- Second baseman
- Born: January 4, 1894 Youngstown, Ohio, U.S.
- Died: January 5, 1965 (aged 71) Youngstown, Ohio, U.S.
- Batted: RightThrew: Right

Negro league baseball debut
- 1916, for the Lincoln Stars

Last appearance
- 1930, for the Birmingham Black Barons
- Stats at Baseball Reference

Teams
- Lincoln Stars (1916); Cleveland Tate Stars (1921–1923); Baltimore Black Sox (1923); Harrisburg Giants (1924); Homestead Grays (1924); Detroit Stars (1927–1929); Birmingham Black Barons (1930);

= Claude Johnson (baseball) =

American baseball player

Claude Cecil Johnson (January 4, 1894 - January 5, 1965), nicknamed "Hooks", was an American Negro league baseball second baseman between 1916 and 1930.

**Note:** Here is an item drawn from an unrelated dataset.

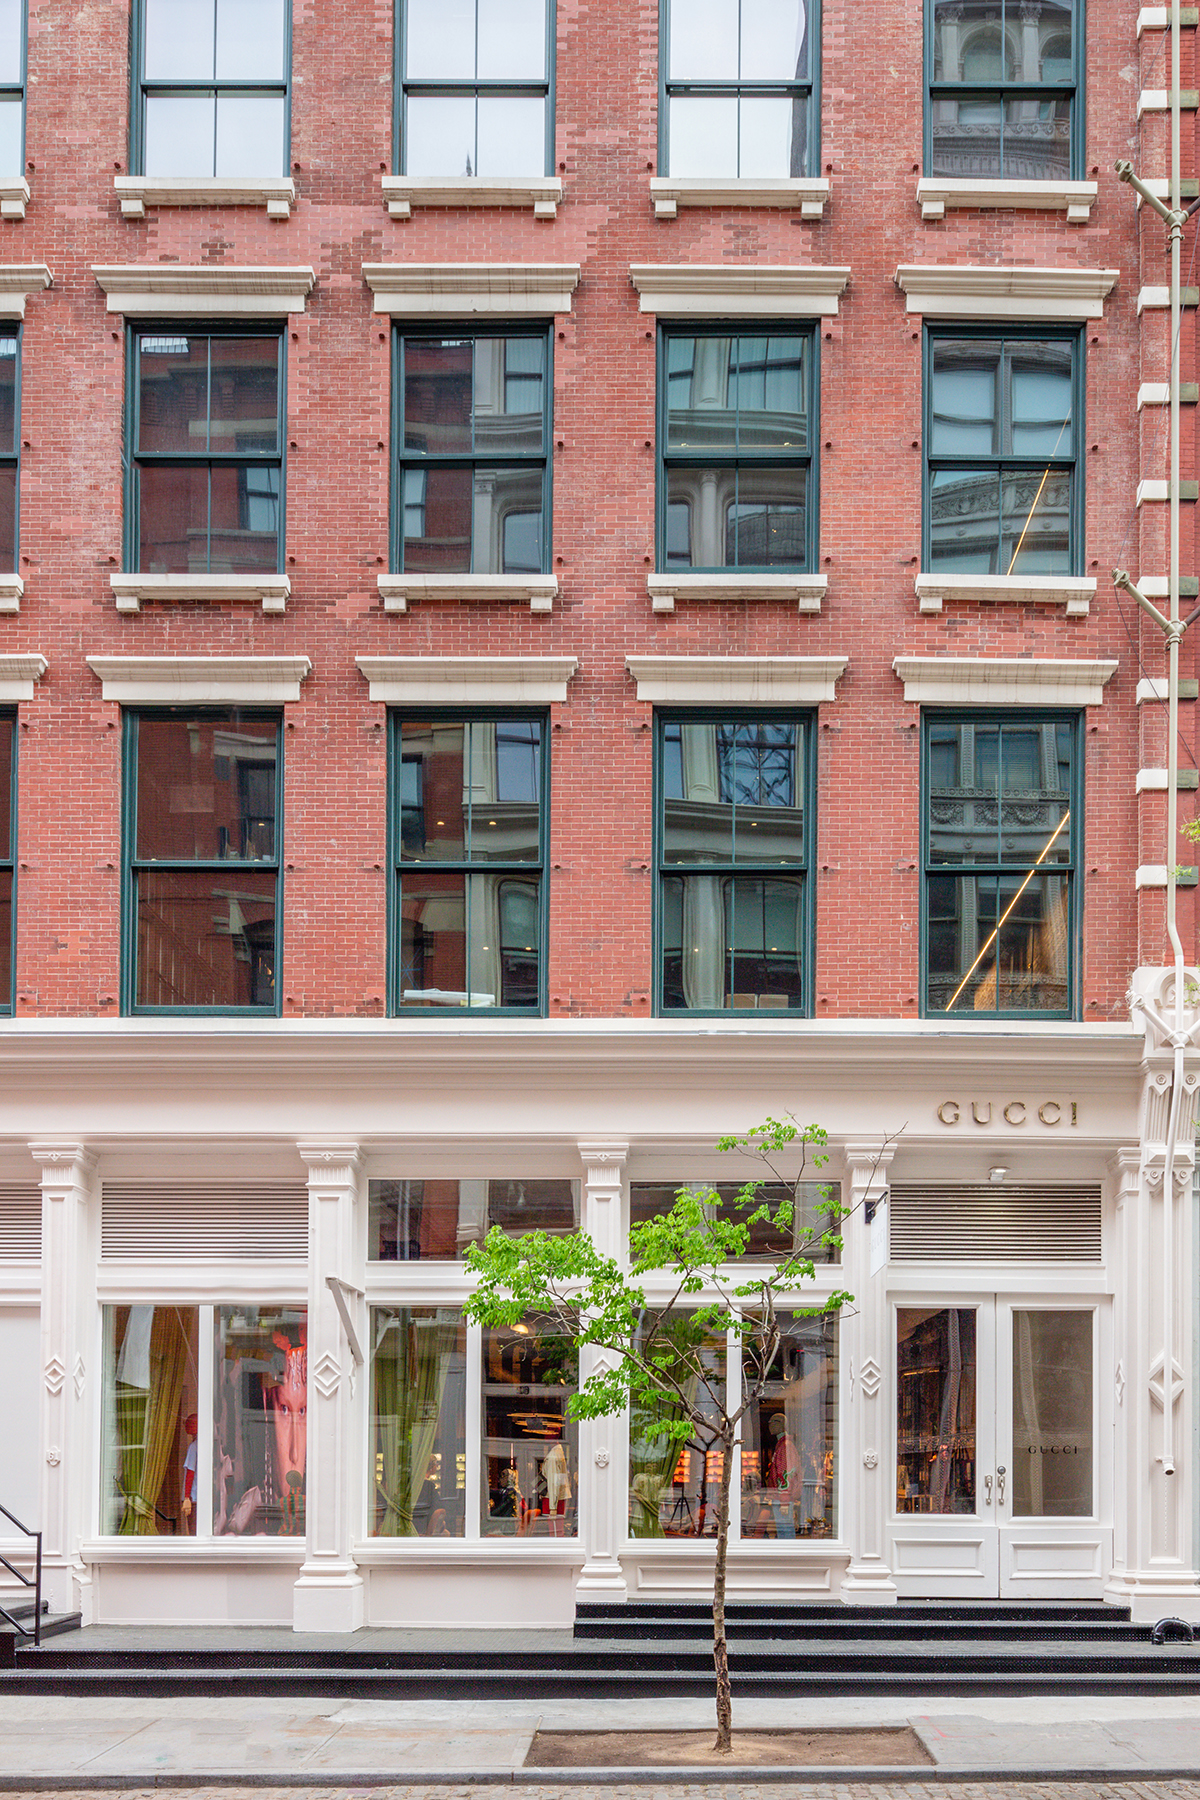 Gucci's SoHo, New York Store on Wooster Street

A native of Youngstown, Ohio, Johnson made his Negro leagues debut in 1916 for the Lincoln Stars. He went on to play for several teams, including three seasons with the Cleveland Tate Stars, and three with the Detroit Stars, before finishing his career with the Birmingham Black Barons in 1930. Johnson died in Youngstown in 1965 at age 71.